Александр Шмаков - Петербургский изгнанник. Книга первая
Дохтурова, стоявшая за дверью, нервничала. Она ждала и хотела, чтобы об этом говорил Радищев, а не Сумароков. Но ничего, достаточно, что он высказался о торговле людьми. Обидчик будет наказан по заслугам.
Радищев молчал. В каждой главе его книги описаны человеческие страдания. Парадеев только шагнул дальше, был смелее других. Из числа отобранных казаков, он был выписан на «экстренный случай» и назначен для «охраны города Челябы». Казак не пошёл против мужиков. С командой он присягнул мужицкому царю. Парадеева в числе крестьян, именовавшихся «сибирскими преступниками», поймали и, как главаря, публично повесили в Тобольске. Соучастникам вырвали ноздри, заклеймили лбы и направили на каторгу.
Радищеву погибший казак представлялся в образе Пугачёва, с такой же чёрной бородой, с необузданной силой восставшей души. Сколько таких Парадеевых поднималось на Руси, жизнь которых обрывала царская петля? Александру Николаевичу и раньше было жаль этих вожаков свободолюбия из народа, но сейчас Пётр Парадеев возбудил в нём чувство симпатии и жалости с новой силой. Он сам предстал судилищу власти. Только сейчас, когда свершилась кара, борьба одиночки с миром сильных представилась ему бесплодной. Радищев вспомнил предупреждение Воронцова. Но он остался верен себе и не сложил поднятого оружия.
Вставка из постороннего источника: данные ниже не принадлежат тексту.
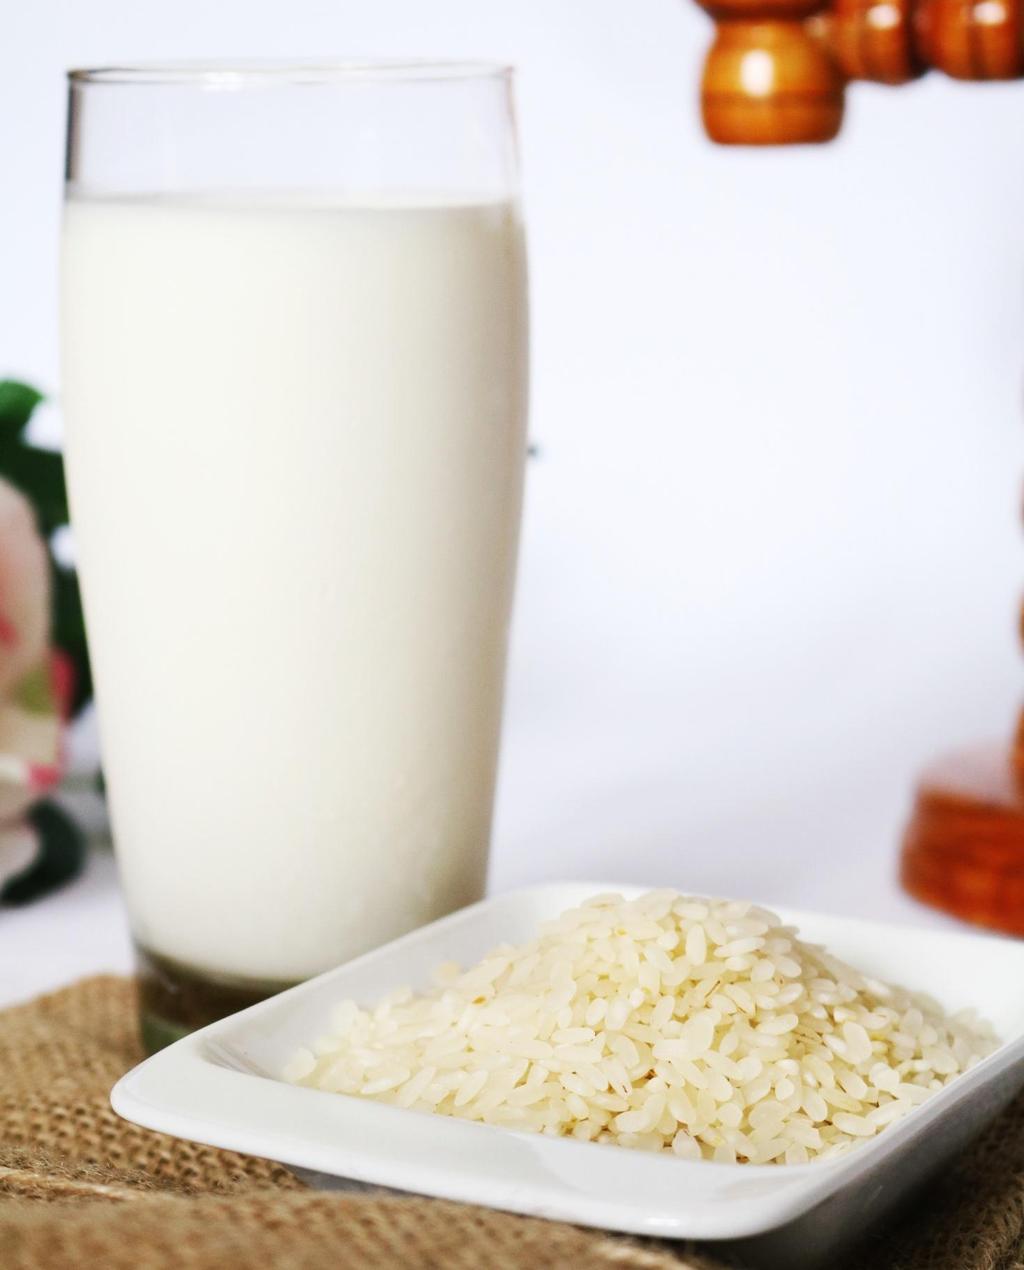 Оризово мляко Оризовото мляко е отличен заместител на обикновеното краве мляко в дните на пости. Не е маслено и така може да се използва и за приготвяне на различни ястия и десерти.
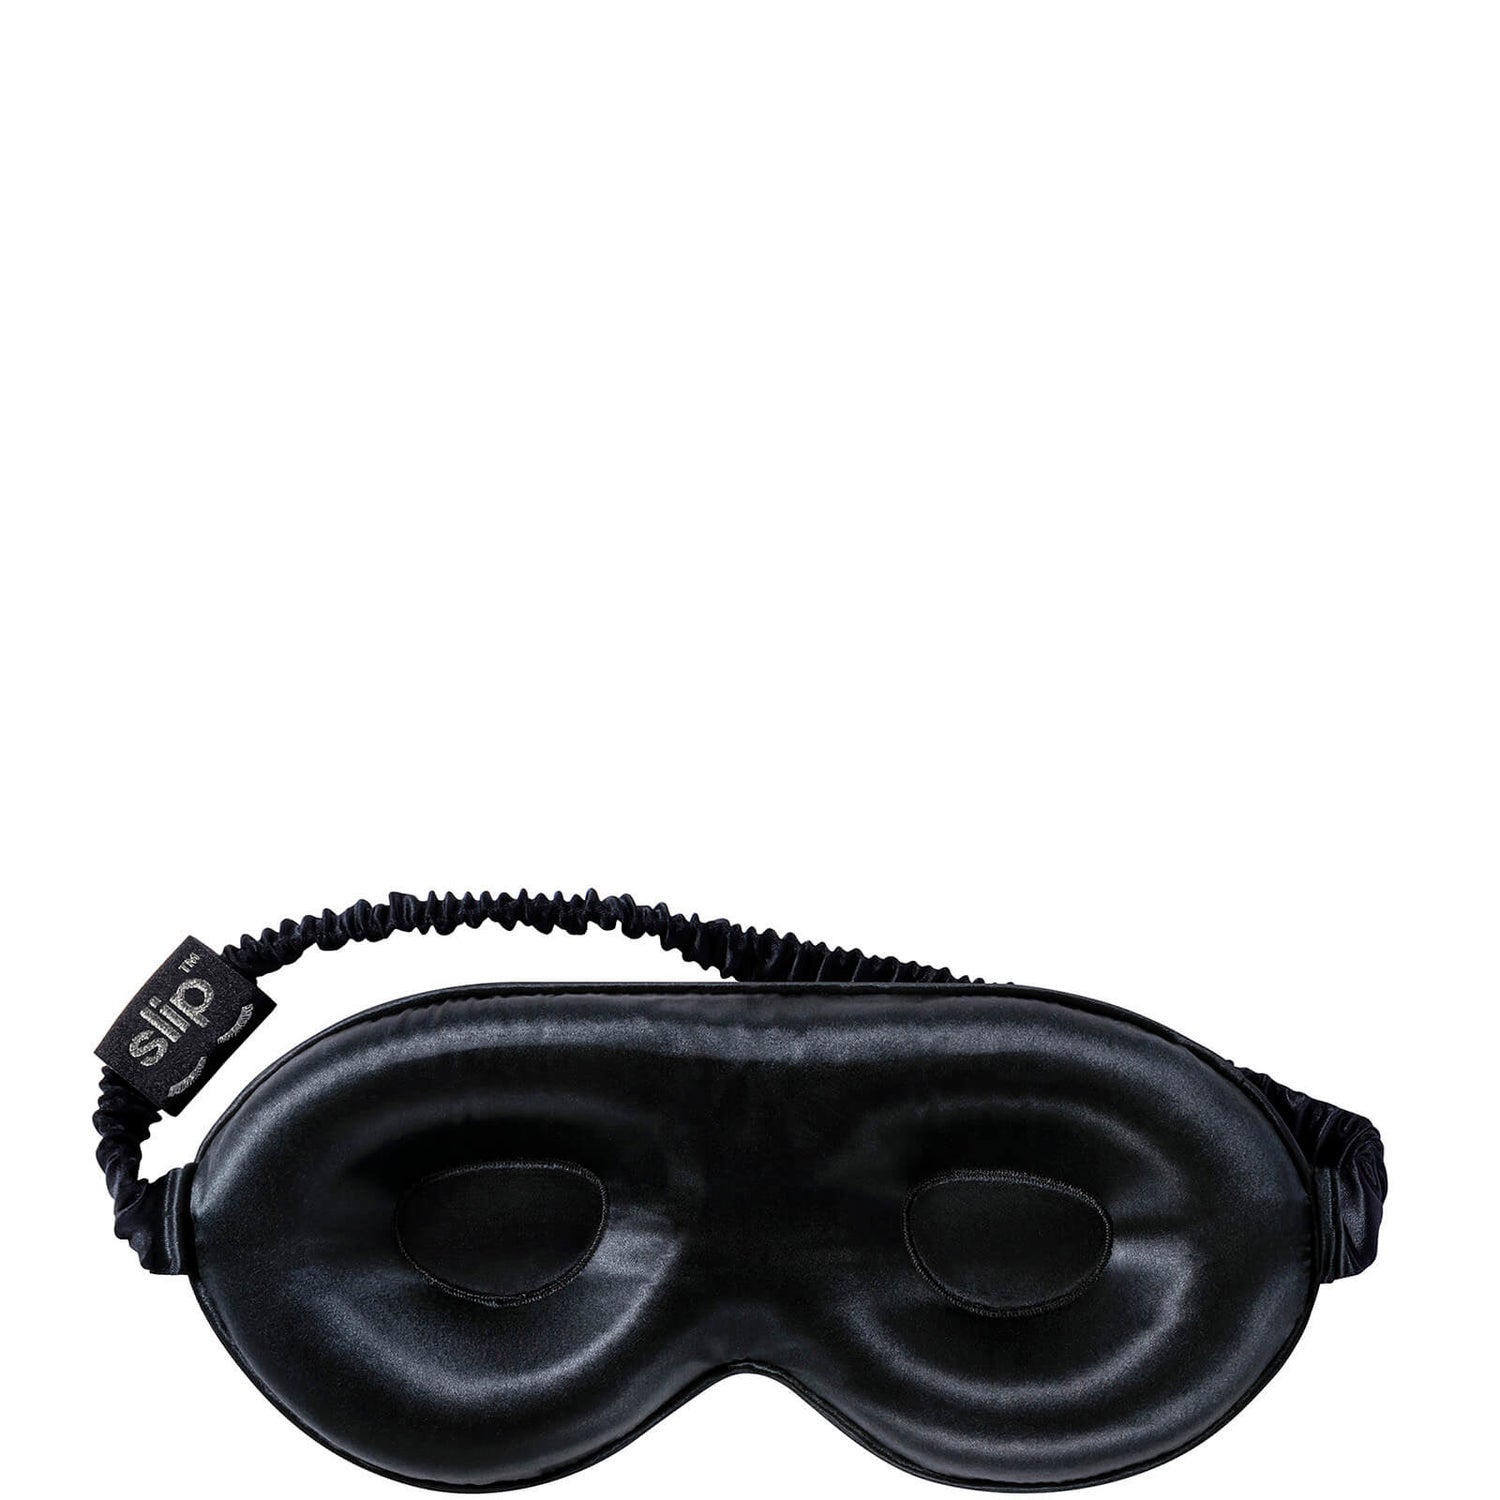 slip contour sleep mask -‘lovely lashes’ Black 1piece

— Праведное дело в народе не умирает, — выслушав историю о Петре Парадееве, страстно сказал Радищев. Может быть, ему и не следовало говорить об этом. В словах выражались его сокровенные думы и убеждения.. Дохтурова насторожилась. Лафинов, всё время следивший за Радищевым, угадал движение его мысли. Стремясь подчеркнуть это, он выразительно прочитал:
Исчезни навсегда сей пагубный устав,
Который заключён в одной монаршей воле;
Льзя ли ждать блаженства там, где гордость на престоле,
Где властью одного все скованы сердца?
В монархе не всегда находим мы отца…
У Радищева радостно сверкнули глаза. Строфа Николева была созвучна его настроению. Он думал об этом. Он знал Николева — воспитанника и дальнего родственника княгини Дашковой. Поэт рано ослеп и, несмотря на свой недуг, оставался человеком настойчивым, трудолюбивым и волевым. Александр Николаевич обвёл взглядом собеседников: блеск радости сиял в глазах Лафинова и Сумарокова. Был возбуждён Бахтин. Разгорячённость беседой следовало охладить.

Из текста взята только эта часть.